- **INPUT RECORDS**
____________
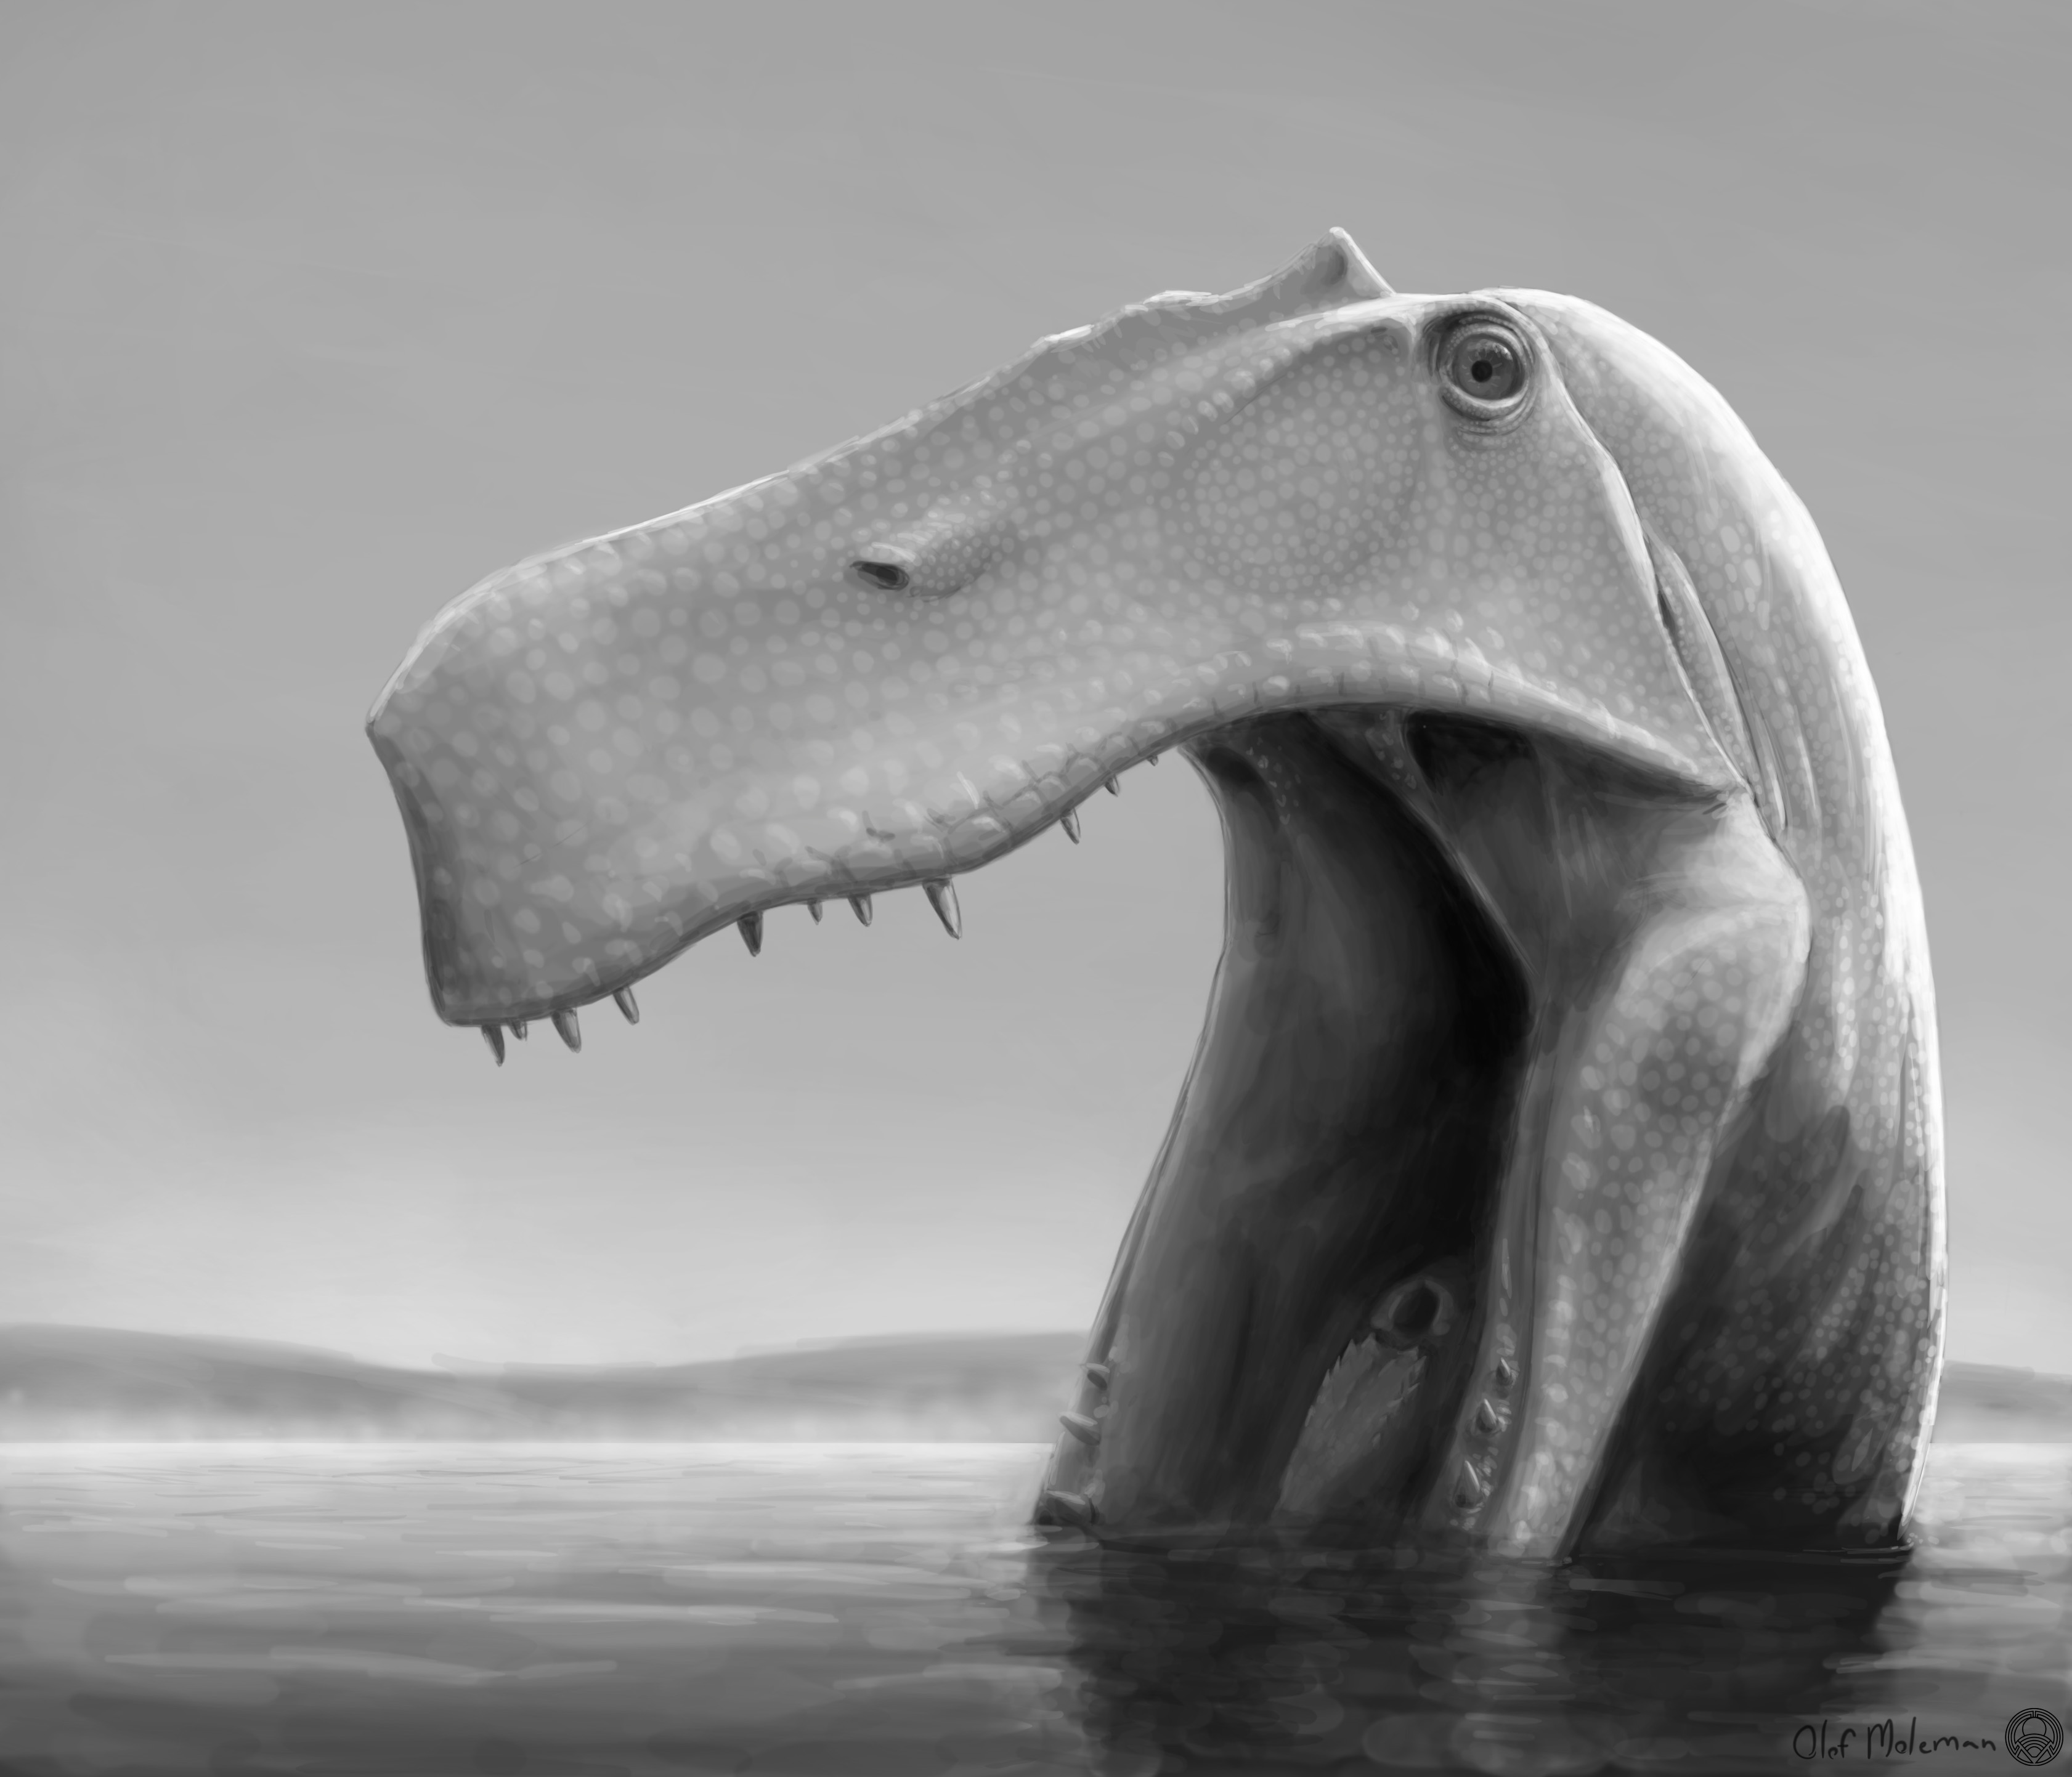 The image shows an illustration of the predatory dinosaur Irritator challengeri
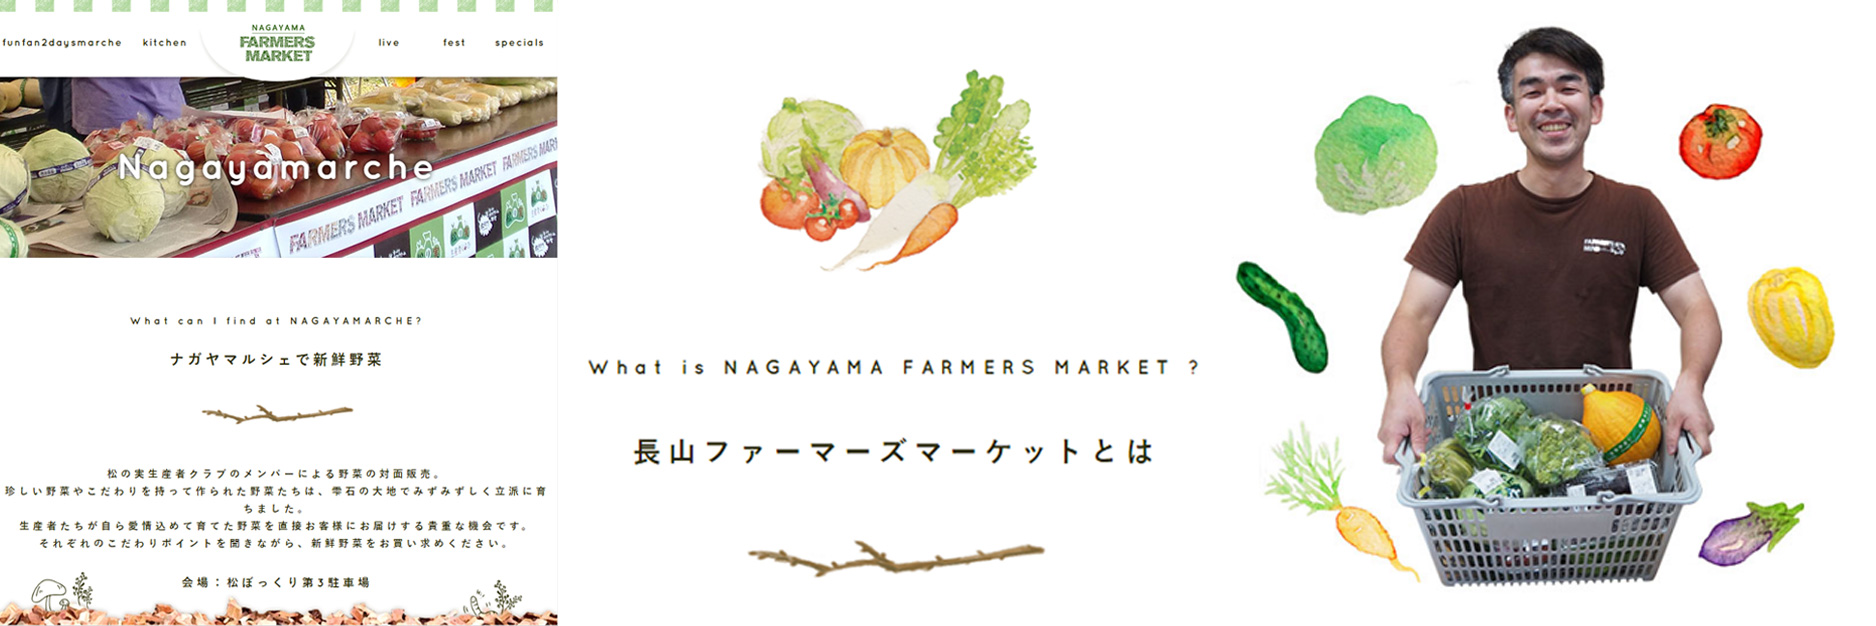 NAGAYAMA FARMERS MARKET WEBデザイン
____________
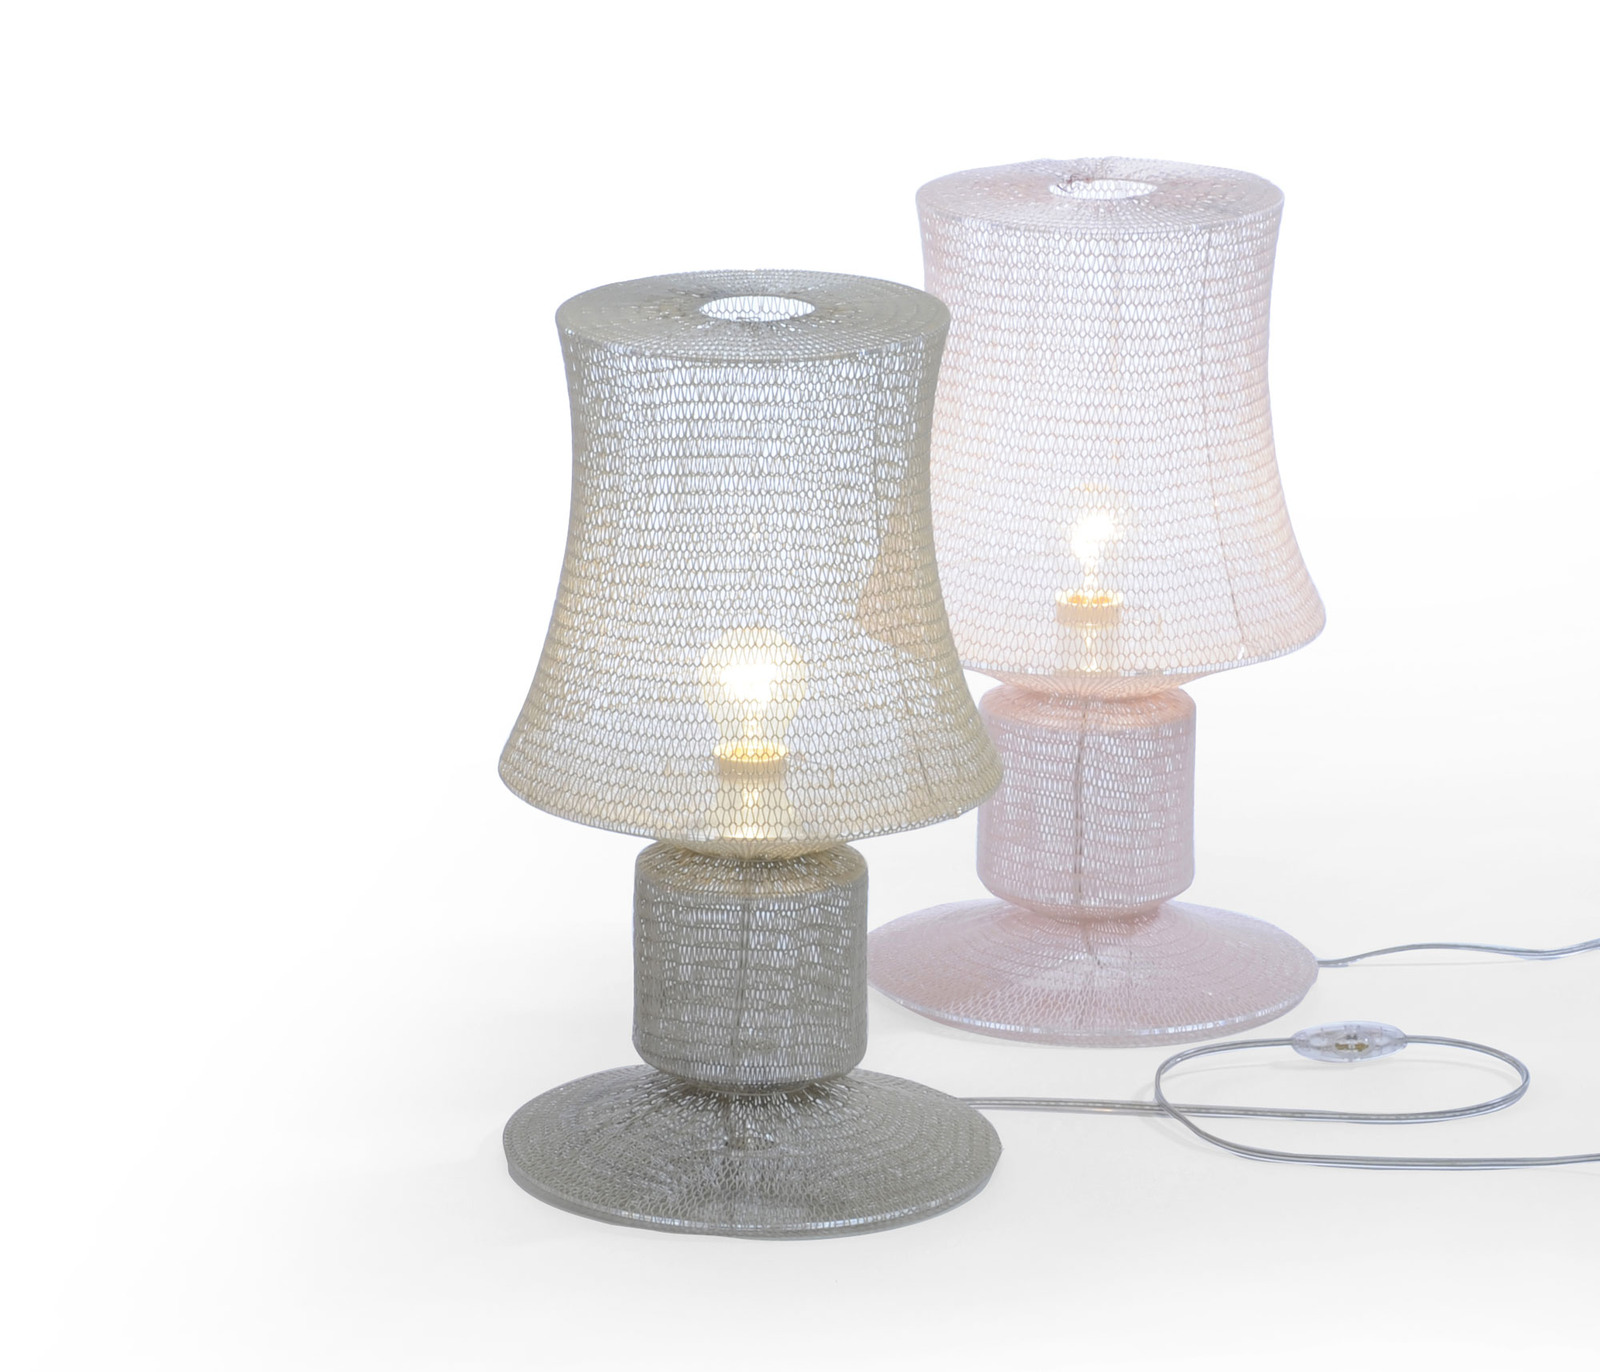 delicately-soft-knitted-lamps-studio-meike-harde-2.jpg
____________
- **INSTRUCTIONS TO FOLLOW**
Look above for the line with "The image shows" and the line with "NAGAYAMA FARMERS MARKET WEBデザイン". Output those two and everything between them exactly, pictures excluded.

- **RESULT BELOW**
 The image shows an illustration of the predatory dinosaur Irritator challengeri
 NAGAYAMA FARMERS MARKET WEBデザイン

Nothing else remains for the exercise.